Ciência em campo: Bayer e USP criam programa que transforma pesquisadores em líderes de indústria
“Quando olhei para minha carreira, percebi que a transição da academia para a indústria poderia ser mais fluida e produtiva.” A frase é de Márcia Ometto Mello José, diretora sênior de Avaliação de Segurança e Estratégia Regulatória Crop Latam da Bayer e idealizadora do programa “Ciência em Campo”, iniciativa criada em parceria com a USP para aproximar pesquisadores do universo corporativo e acelerar a formação de talentos científicos voltados à inovação.
O projeto surgiu a partir da experiência da própria executiva. Formada em Engenharia Agronômica pela ESALQ/USP, Márcia enfrentou as dificuldades de migrar da carreira acadêmica para o setor privado no Brasil. Segundo ela, o currículo altamente técnico era visto como excessivo para cargos iniciais, enquanto faltava a vivência corporativa exigida para posições mais estratégicas.
A mudança aconteceu quando ela se mudou para os Estados Unidos, onde, segundo relata, a formação científica era valorizada pelo mercado. A experiência internacional ajudou a moldar a ideia de criar uma ponte entre universidade e indústria no Brasil.
“O 'Ciência em Campo’ nasceu desse desejo de oferecer aos nossos futuros cientistas a experiência corporativa que eu não tive no início, permitindo que eles apliquem seu imenso conhecimento técnico em desafios reais do mercado”, afirma Márcia.
Márcia Ometto Mello José, da Bayer: “O 'Ciência em Campo’ nasceu desse desejo de oferecer aos nossos futuros cientistas a experiência corporativa que eu não tive no início" (Bayer/Divulgação)
Como funciona o programa
O “Ciência em Campo” permite que estudantes de mestrado e doutorado atuem como estagiários na Bayer durante a pós-graduação. A proposta é conectar pesquisadores altamente qualificados a projetos ligados aos desafios da companhia nas áreas de saúde e agricultura.
A trilha de desenvolvimento dura entre 12 e 18 meses e combina atuação prática em projetos, mentorias com lideranças da empresa e treinamentos voltados ao desenvolvimento de habilidades comportamentais, como inteligência emocional e mindset ágil. O modelo segue a metodologia 70-20-10, em que 70% do aprendizado acontece na prática, 20% por meio de mentorias e 10% em treinamentos formais.
A primeira edição, realizada entre 2024 e 2025 na área de Pesquisa & Desenvolvimento agrícola, recebeu 214 inscrições e resultou na contratação de 12 participantes, sendo 10 doutorandos e 2 mestrandos.

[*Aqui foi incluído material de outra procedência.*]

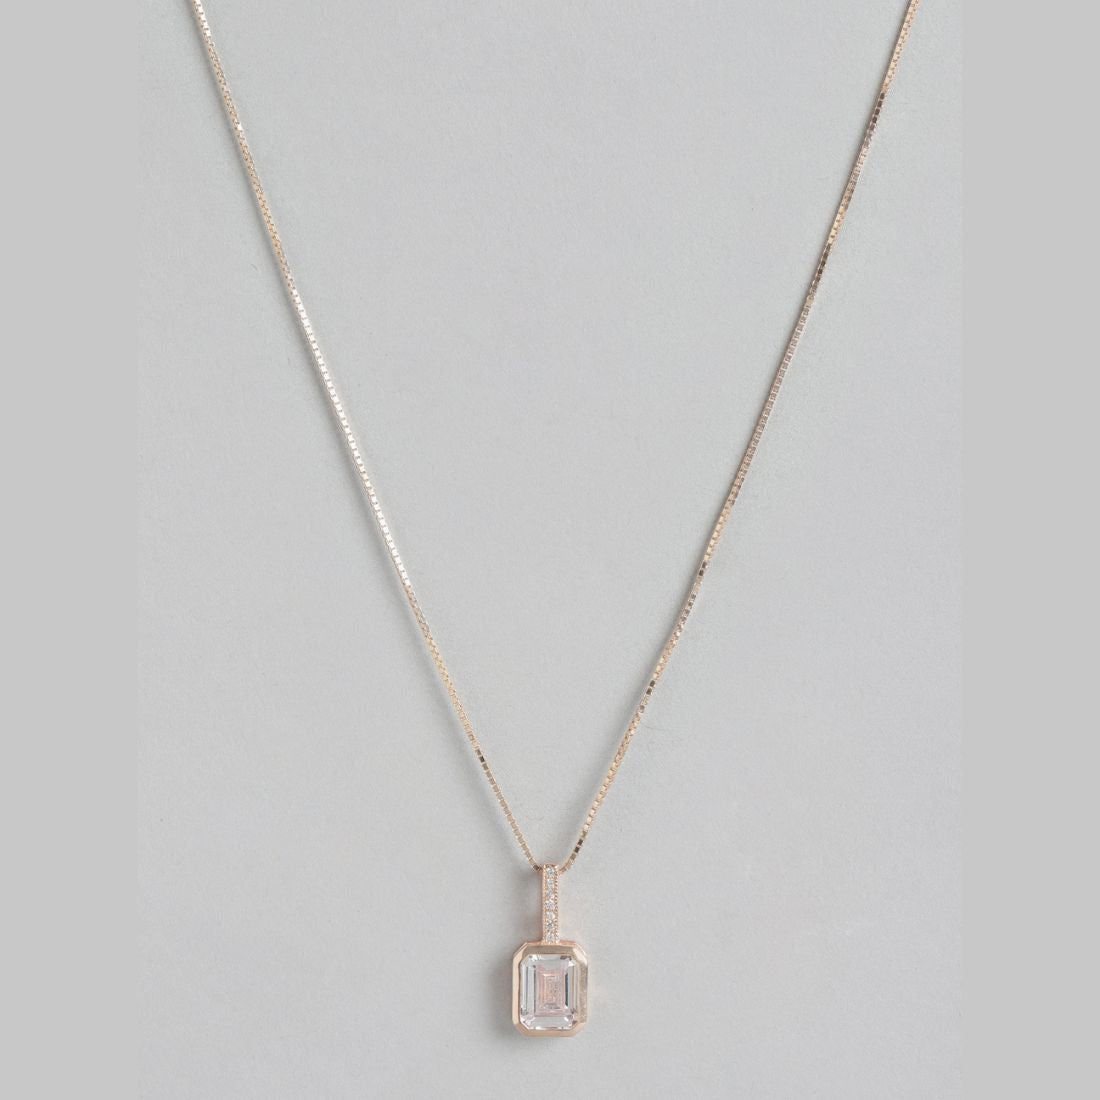 Blushing Beauty Rose Gold Plated 925 Sterling Silver Pendant with Cubic Zirconia

Embora não tenha sido desenhado como um programa afirmativo, o resultado chamou atenção pelos indicadores de diversidade: 75% das vagas foram ocupadas por mulheres, 33% por pessoas LGBTQIAPN+, 17% por pessoas negras e 8% por pessoas indígenas.
A ponte entre ciência e mercado
Um dos diferenciais do projeto foi justamente a colaboração da USP para adaptar regras acadêmicas e permitir defesas de tese privadas em projetos estratégicos da empresa, protegendo informações sensíveis da companhia. A maioria das universidades brasileiras trabalha apenas com defesas públicas.
À frente da implementação do programa está Guilherme Martins, líder de Recursos Humanos da Bayer. Ex-participante do Programa de Trainee de Liderança Negra da companhia, ele dedicou dois anos para estruturar a iniciativa.
Nascido em Duque de Caxias, na Baixada Fluminense, Guilherme construiu sua trajetória entre ciência e negócios. Fez ensino técnico em Biotecnologia, graduação em Farmácia na UFRJ e mestrado em biotecnologia e química. Um período de estudos nos Estados Unidos também ajudou a consolidar sua visão sobre a importância da ciência aplicada ao mercado.
“A ciência mudou a minha vida, e meu maior orgulho agora é ajudar a mudar a vida de outros”, afirma Guilherme.
Guilherme Martins, da Bayer: “A ciência mudou a minha vida, e meu maior orgulho agora é ajudar a mudar a vida de outros” (Bayer/Divulgação)
Expansão para novas áreas
Com os resultados da primeira edição, a Bayer decidiu ampliar o programa em 2026. A nova turma incluirá áreas como carbono e sustentabilidade, biológicas, dados, oncologia, inovação, excelência de manufatura e formulação de herbicidas.
Para a companhia, o programa representa não apenas uma estratégia de atração de talentos, mas também uma tentativa de reduzir a distância histórica entre o ambiente acadêmico e a iniciativa privada no Brasil, um desafio frequentemente apontado por pesquisadores e empresas de inovação.